CHU Brugmann, Endocrinology, Laeken, Belgium


Introduction: Amenorrhea is a condition resulting from dysfunction of the hypothalamus, pituitary, ovaries, uterus, or vagina. Hyperprolactinemia is a relatively common endocrine disorder that produces amenorrhea by suppressing hypothalamic GnRH secretion. We describe a patient who had a Levonorgestrel intrauterine device (UID) since 5 years and who presented with amenorrhea in association with a macroprolactinoma.

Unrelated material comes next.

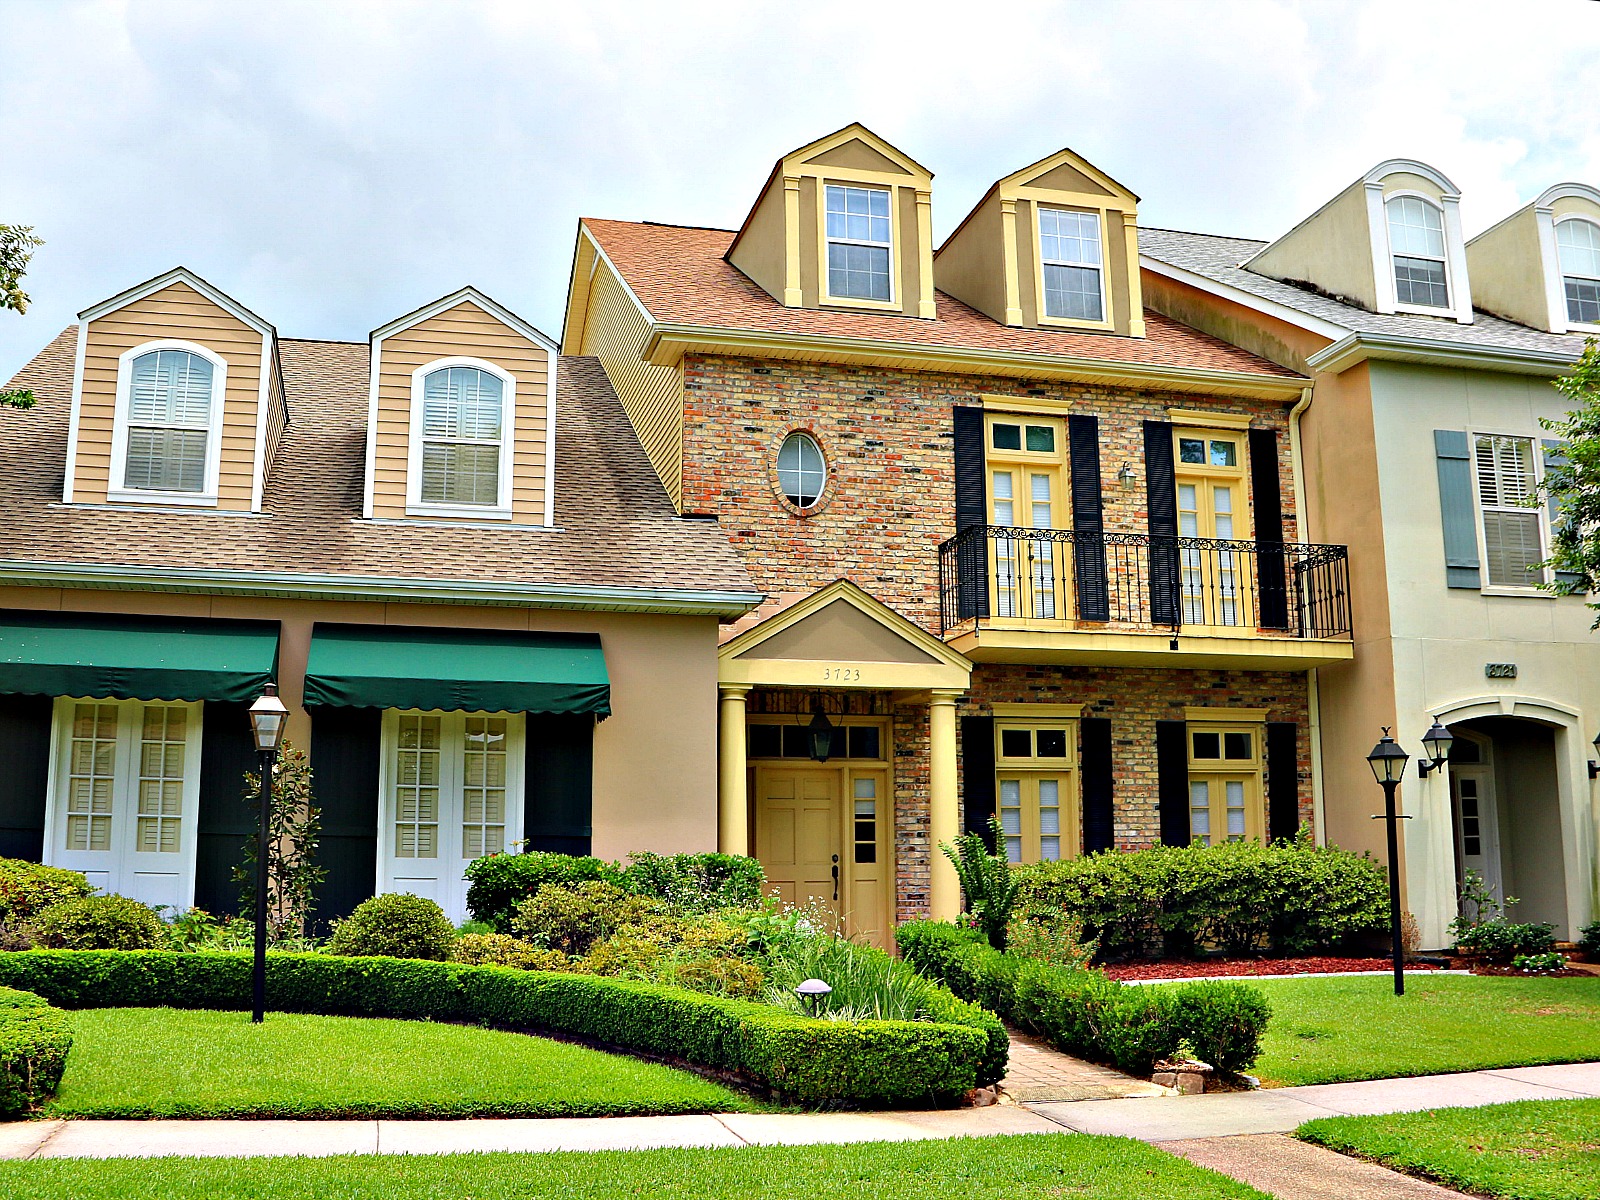 North Hullen Townhomes in Metairie,La. 70002 - Old Metairie Real Estate, Homes & Condos

Case report: A 45 year- old -woman presented for a routine gynecologic control. She had amenorrhea since an IUD was placed 5 years earlier. A routine blood test ordered by her gynecologist showed severe hyperprolactinemia (PRL 3298 microgram/l (4.8–23.3), accompanied by hypogonadotropic hypogonadism and hypothyroidism. IGF-1, ACTH and cortisol were normal. She was referred for further work up. She didn’t complain of headaches, visual disturbances or galactorrhea. On physical examination galactorrhea was found. The visual field was impaired, with superior left temporal hemianopsia. Additionally, a pituitary MRI scan showed a pituitary tumor with supra-seller extension (30 × 19× 25 mm) and compression of the left side of the chiasma opticum and deviation of the pituitary cleft to the right. Moreover a voluminous cavernoma lokated parietal paraventricul left with discrete mass effect on the corpus callosum was observed. Bone mineral density was normal. Treatment was initiated with 0.5 mg cabergoline 3 times a week and L-thyroxine. The monthly PRL concentration dropped as following to 568, 208, 52.9 (bioactive 43) and 31.1 (bioactive 27) ng/ml respectively. 6 months and 12 months later the prolactin bioactive was 27.8 and 9.5, respectively. Control MRI 1 year later showed regression (13 × 7mm) of the macro adenoma with lateralization to the left.

Discussion: The clinical manifestations of hyperproleactinemia in premenopausal women are oligo-or amenorrhea and infertility and are correlated with the magnitude of hyperprolactinemia. Less often galactorrhea occurs. Hyperprolactinemia accounts for 10 to 20% of cases of amenorrhea. Our patient presented with amenorrhea in association with a pituitary macroprolactinoma. Cabergoline treatment was effective in PRL normalization and regression of the macroprolactinoma. In this case, in the past, it was thought her amenorrhea was due to her hormonal IUD and hyperprolactinemia was not considered as a possible cause of amenorrhea and therefore had not been detected. Moreover, she had no other associated symptoms.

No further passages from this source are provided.